A post on being pro-choice on education. But first, the mandatory video.
Now the post:
Yes, she broke the law. She should not have done that. Bad mom. Bad.
Kelley Williams-Bolar, a single mom who aspires to be a teacher, used her father’s address to enroll her children in a different school district than the one in which she lives. She was concerned for her kids and wanted them to have a decent education. So she enrolled them in a district that would, you know, teach them and keep them safe.
This is considered a felony by Ohio law. No, really: jail time for the crime of stepping around dubious laws to do better for your kids. For this heinous crime she was sentenced to nine days in jail. But beyond the jail time, the felony conviction would likely have scuttled her chances of becoming a teacher.
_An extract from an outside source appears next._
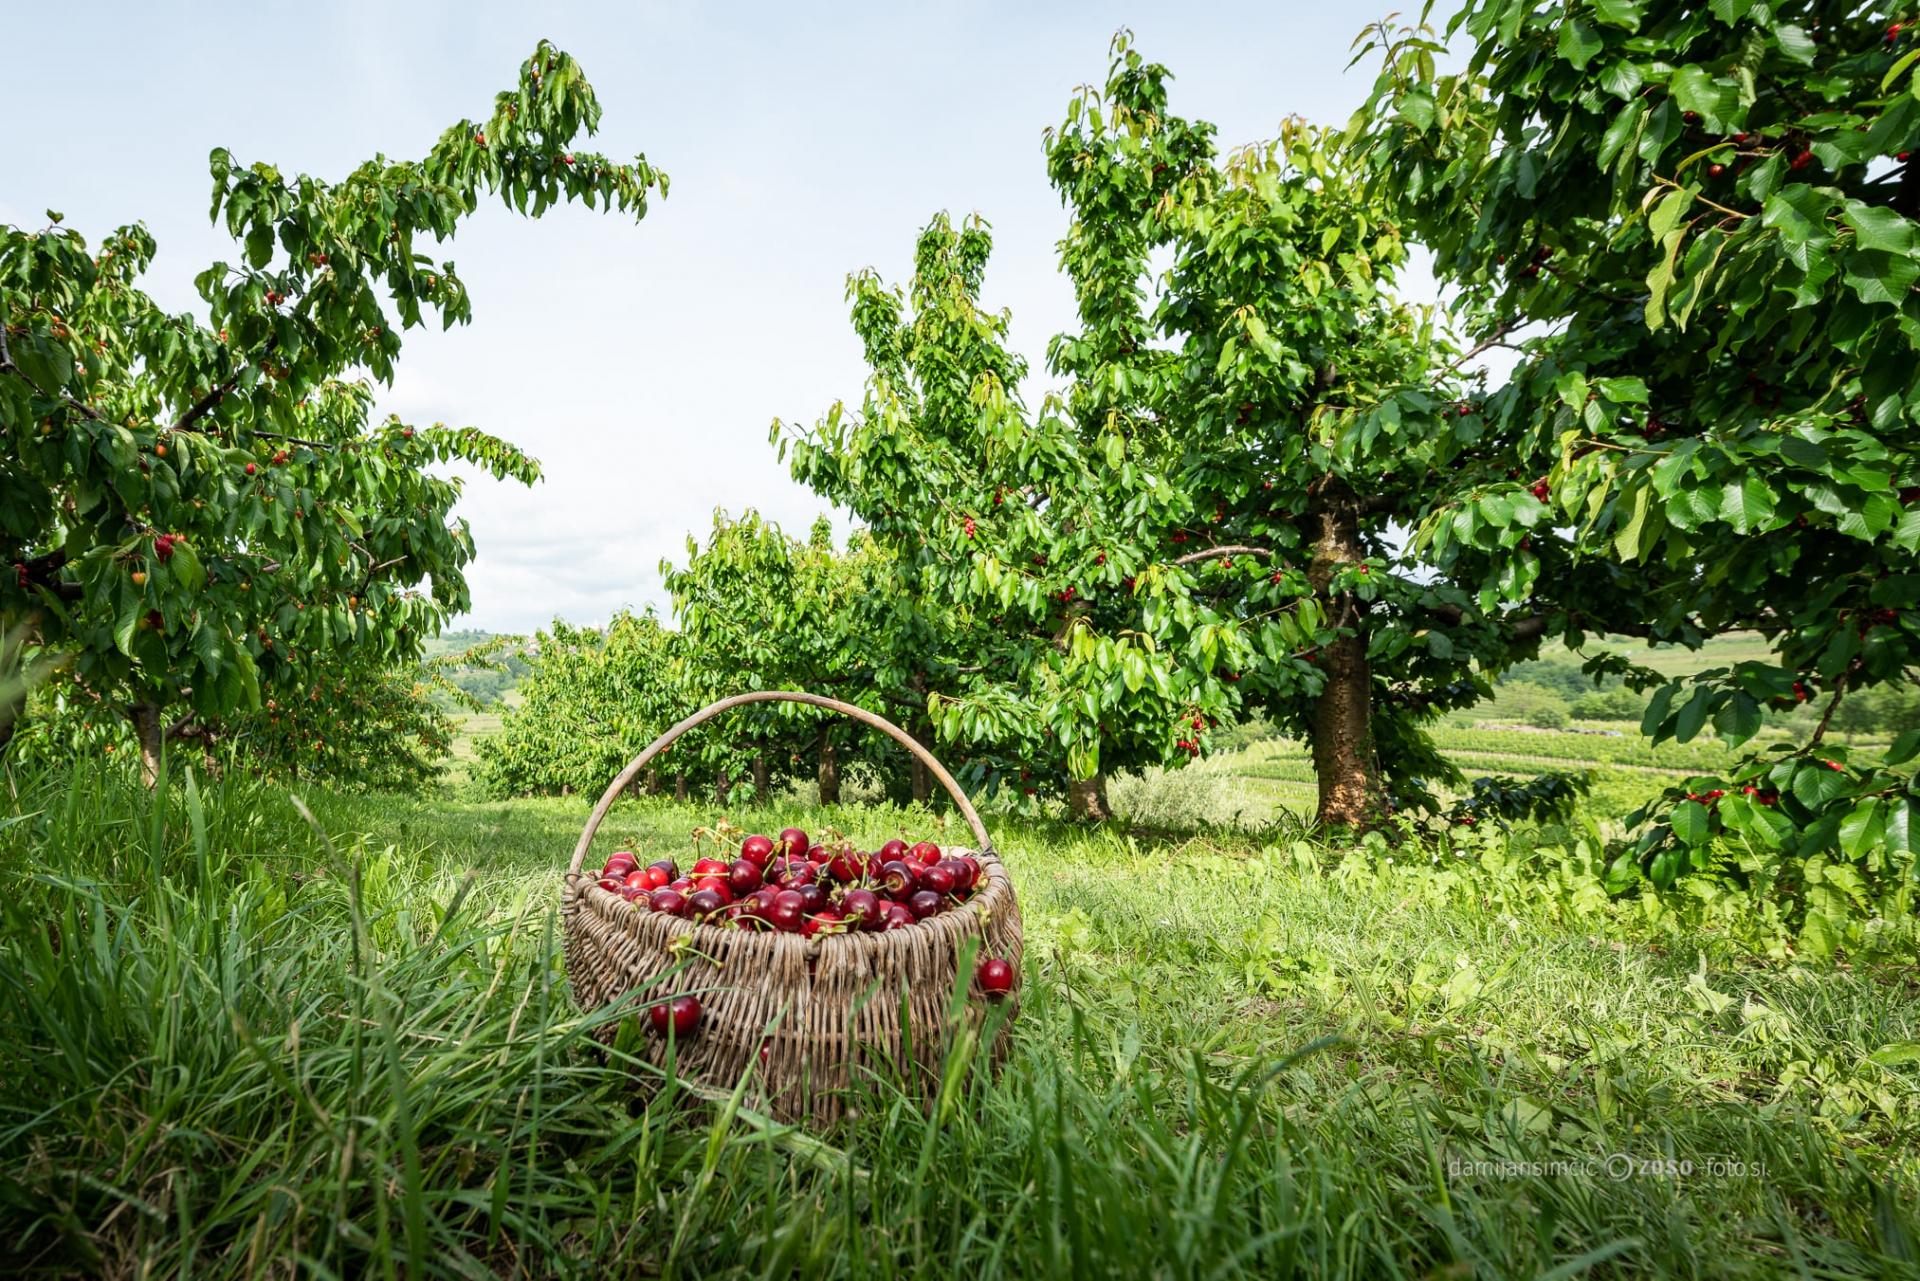 Kirschen im Korb © zoso fotos

So Ohio Governor John Kasich, recognizing the injustice of the punishment, reduced her convictions to first degree misdemeanors rather than felonies, thus preventing the long-term effects. But Kasich was careful to note that she isn’t getting off scot-free. Kasich referred to his decision as a “second chance,” and allowed additional penalties to stand:
Williams-Bolar will remain on probation, must pass random drug screenings, refrain from alcohol, perform 80 hours of community service, maintain full time employment or attend school full time, and complete an approved mentorship program.
Which, since she did break the law, seems like it still fits the crime just fine.
But consider the crime. The notion that your geographic location locks you into a given school system, regardless of its safety or performance. Your geographic location means that unless you can pay for private school you have no options for the education of your children but the school district—good or bad—that you live within. Home values are affected by the school district, the differences between them are so significant.
My family and I can sympathize entirely with Williams-Bolar. I grew up in a semi-rural area outside of Youngstown, Ohio, where 5 acres is a typical-to-small piece of property with a few dairy farms and heavily wooded areas. But our property was in the Youngstown school district which, to understate, isn’t the best. My parents considered that an unaccptable option, so they scraped pennies together for 20 years to send my 5 siblings and me to Catholic schools—a sacrifice none of us really fully appreciates or could ever repay.
We did for a time consider renting an apartment that no one would actually live in over in one of the nearby suburbs that had a respectable school district, but we never followed through. But had we done so we would have been violating the laws that restrict the educational choice so important to so many families. We would have been crossing a somewhat arbitrary line on the map just so that we could get a good education. We would have been criminals for daring to aspire to more than the local government was able or willing to provide.
There is no good reason to prohibit educational choice. Parents who have no problem with failing schools will leave their children in the failing school, but parents who desire more ought to be able to take their education dollars elsewhere and not subsidize failure.
Williams-Bolar clearly understands the value of a good education, and people who value a good education ought to be able to seek one out.